United States v. Chicago & A. Ry. Co.

148 F. 646 | N.D. Ill. | 1906

LANDIS, District Judge.

In this proceeding the Chicago & Alton Railway Company and its vice president and general freight agent are charged with violating the interstate commerce law by granting rebates. The government having closed its case, the defendants move for an order directing the jury to return a verdict of not guilty.

The material facts are as follows: The Chicago, & Alton Company is an interstate carrier, operating a railroad from Kansas City, Mo., to points east; the Belt Railway Company is an interstate carrier operating the belt line connecting Kansas City, Kan., and Kansas City, Mo.; the Schwarzschild & Sulzberger Company is a corporation engaged in the beef-packing business at Kansas City, Kan.; the’ track of the Alton Company connects with the Belt track at Kansas City, Mo.; and the Belt track connects with the private track of Schwarszchild & Sulzberger, laid and maintained by that corporation on its own property at Kansas City, Kan., occupied also by its packingplant. As required by the interstate commerce law the Alton Company and the Belt Company published and filed tariff schedules announcing to the shipping public what their charges would be for the transportation of packing-house products. The Belt tariff was $3 per car from the packing company’s track to the Alton connection. The Alton schedule stated that its rate included the Belt Company’s charge, so that, in substance, it was as if the Alton, road itself connected with the packing company’s track. The Alton Company collected from the *647Schwarzschild & Sulzberger Company the amount of its freight charge as per the published schedules, remitted to the Belt its $3 switching charge, and thereafter paid to Schwarzschild & Sulzberger $1 on each car of the Schwarzschild & Sulzberger product so handled. This practice has obtained since 1901. Prior to that time the Alton Company’s tariff likewise included the Belt charge, which was then $4 per car. On collecting the full tariff from the Schwarzschild & Sulzberger Company, the Alton road paid to the Belt its charge of $4 per car, whereupon the Belt gave to the packing company $1 on each loaded car handled. It was at the request of Schwarzschild & Sulzberger (for some reason which does not appear) that for this arrangement was substituted the plan evidenced in the pending cause, whereby the railway company made payment direct to the shipper (some five months after the freight went forward), instead of indirectly through the medium of the Belt line.

The indictment charges that the payment to the packing company was a rebate. The defendants contend that the payment was made by the railway company for its use of the packing company’s private track, connecting its shipping dock with the Belt rails; and it is urged in behalf of defendants that, if any provision of the law has been violated, it is only that section requiring the carrier to publish any terminal diarge or regulation which alters or determines the aggregate rate for the transportation of property. I am unable to see the force of this contention. The real question here is simply this:

‘•Has the payment back to the shipper of .?1 per car out of tiie money paid by the shipper to tlio railway company in the first instance resulted in the shipper getting its property transported at a less cost to it than that specified in the published schedules?”

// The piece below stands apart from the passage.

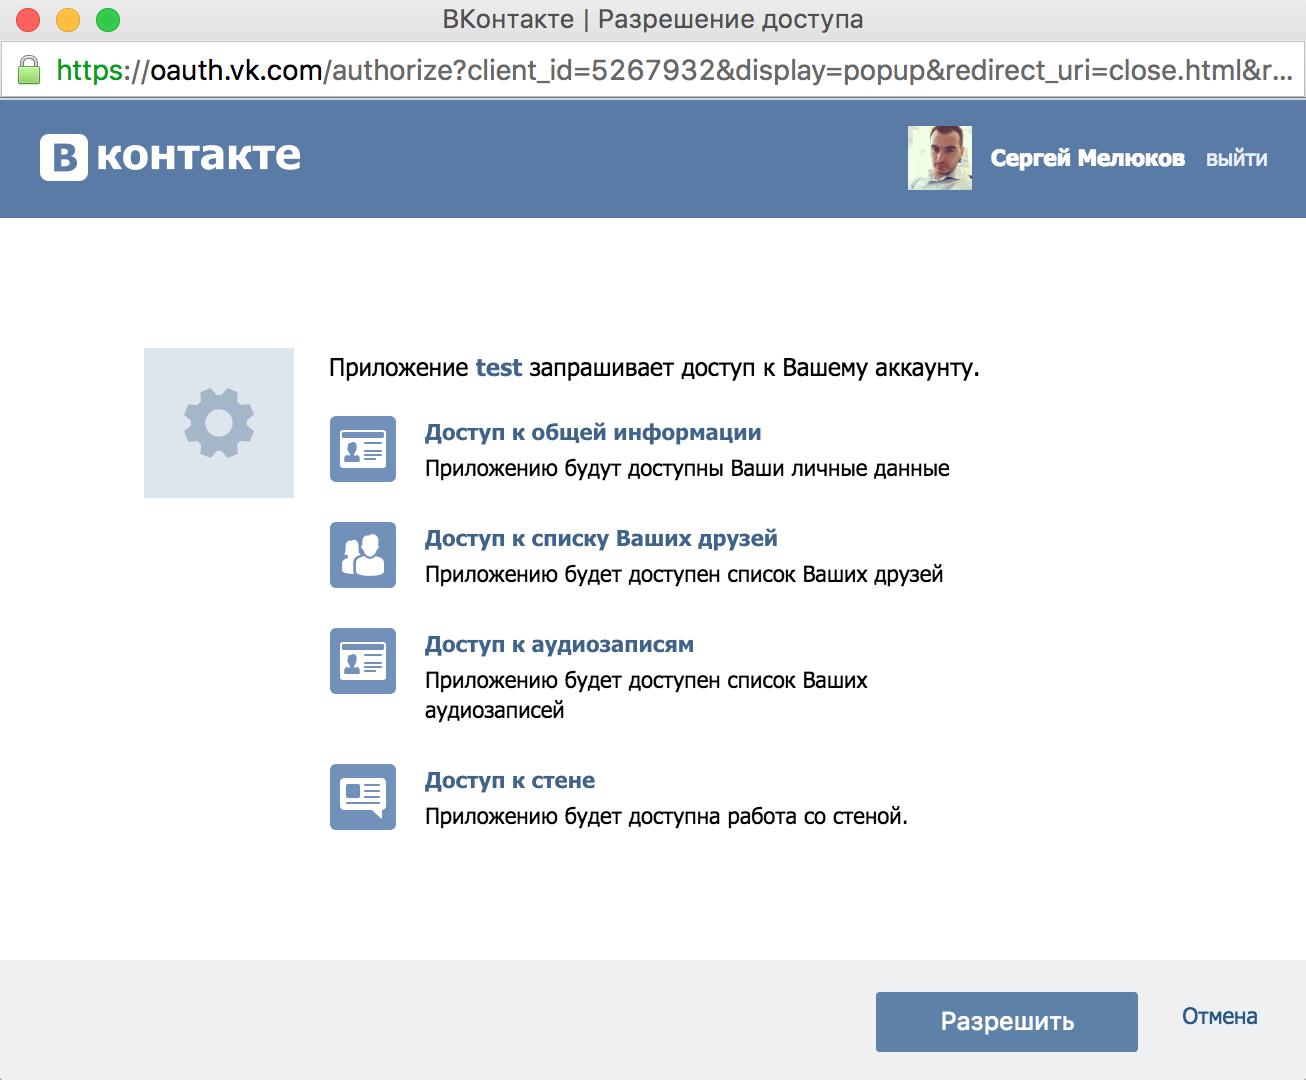 Делаем крутые Single Page Application на basis.js — часть 3. Клиент для «ВКонтакте» - 3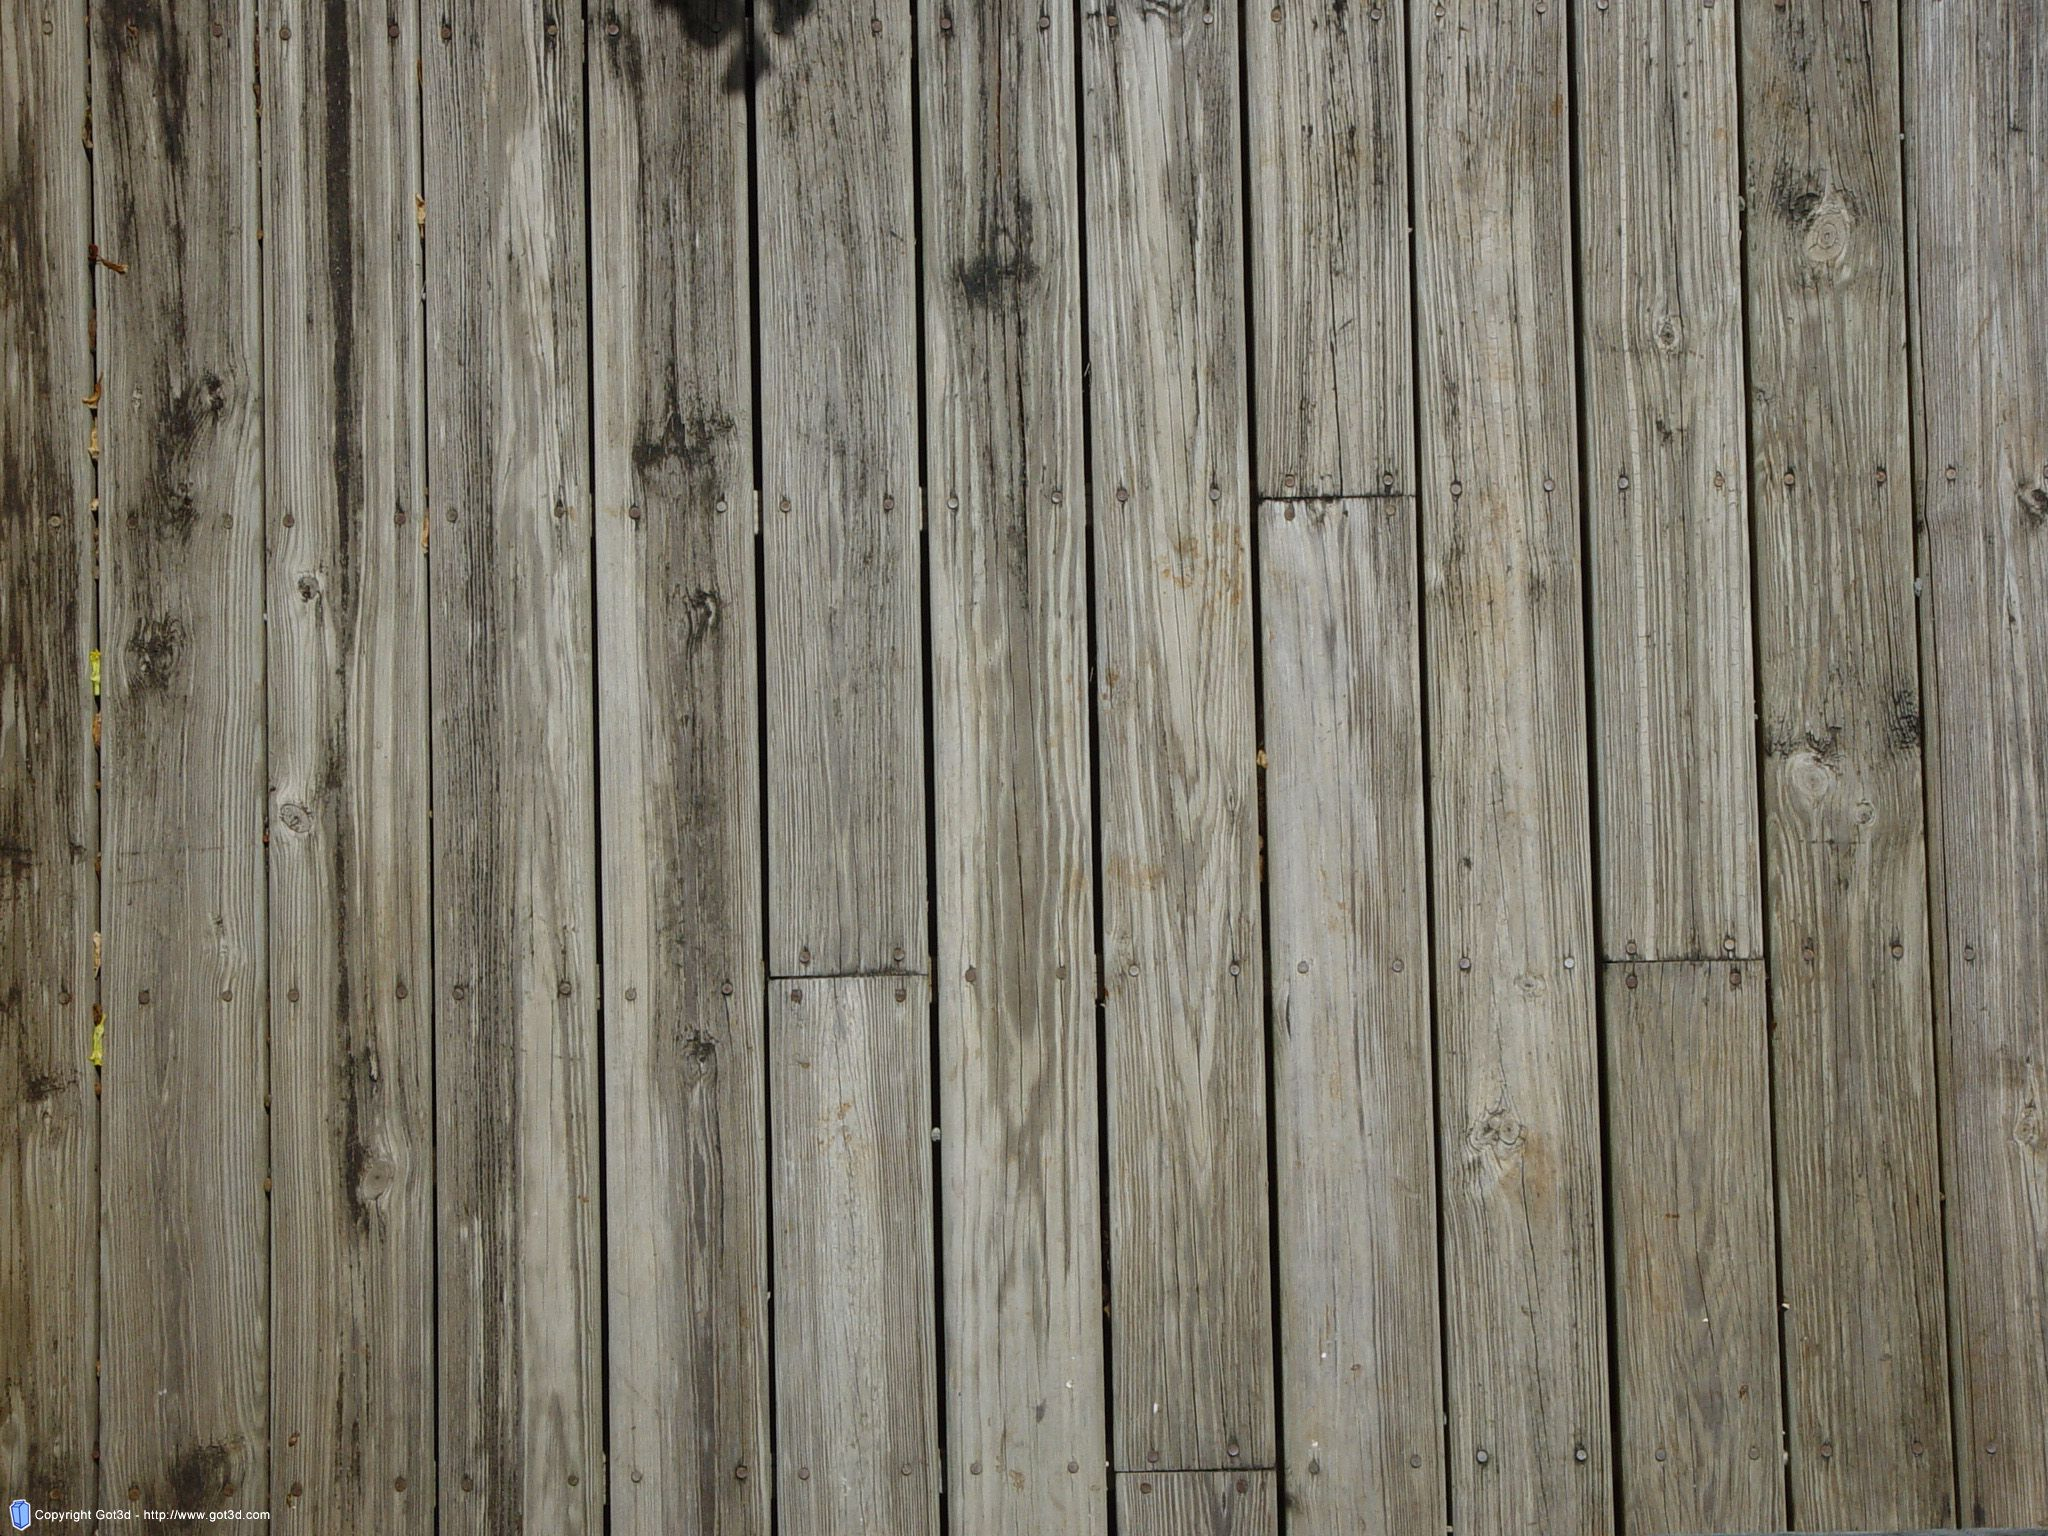 Brown Wood Texture | Wild Textures | Textures | Pinterest ...

It would seem that to state this question is to answer it. The word “rate,” as used in the interstate commerce law, means the net cost to the shipper of the transportation of his property; that is to say, the-net amount the carrier receives from the shipper and retains. In determining this net amount in a given case, all money transactions of every kind or character having a bearing on, or relation to, that particular instance of transportation whereby the cost to the shipper is directly or indirectly enhanced or reduced must be taken into consideration. Applying this test to the case before me, the net cost to the Schwarzschild & Sulzberger Company has been made $1 per car less than the published schedules represented that net cost would be. Viewing the transaction from the standpoint most favorable to the defendants, it amounts to the railway company assuming the cost of getting the shipper’s property to the carrier’s rails for transportation — a substantial consideration not mentioned in, or contemplated by, the published schedules. With equal propriety (its schedules being silent on the subject) a carrier might, for the purpose of inducing the routing of traffic via its line, pay the consignor’s and consignee’s bills for the cartage of property between their warehouses and the railway depots.

*648The object of the statutes relating to interstate commerce is to secure the transportation of persons and property by common carriers for reasonable compensation. No rate can possibly be reasonable that is higher than anybody else has to pay. Recognizing this obvious truth, the law requires the carrier to adhere .to the published rate as an absolute standard of uniformity. The requirement of publication is imposed in order that the man having freight to ship may ascertain by an inspection of the schedules exactly what will be the.cost to him of the transportation of his property; and not only so, but the law gives him another and a very valuable right, namely, the right to know, by an inspection of the same schedule, exactly what will be the cost to his competitor of the transportation of his competitor’s property.

It being my opinion that, when the Alton Company published a specific rate covering packing-house products, collected that rate from the Schwarzschild & Sulzberger Packing Company, and subsequently gave back part of that rate to Schwarzschijd & Sulzberger, a device was employed by means of which the packing company’s property was transported at a less rate than that named in the published schedules, the defendants’ motion will be overruled.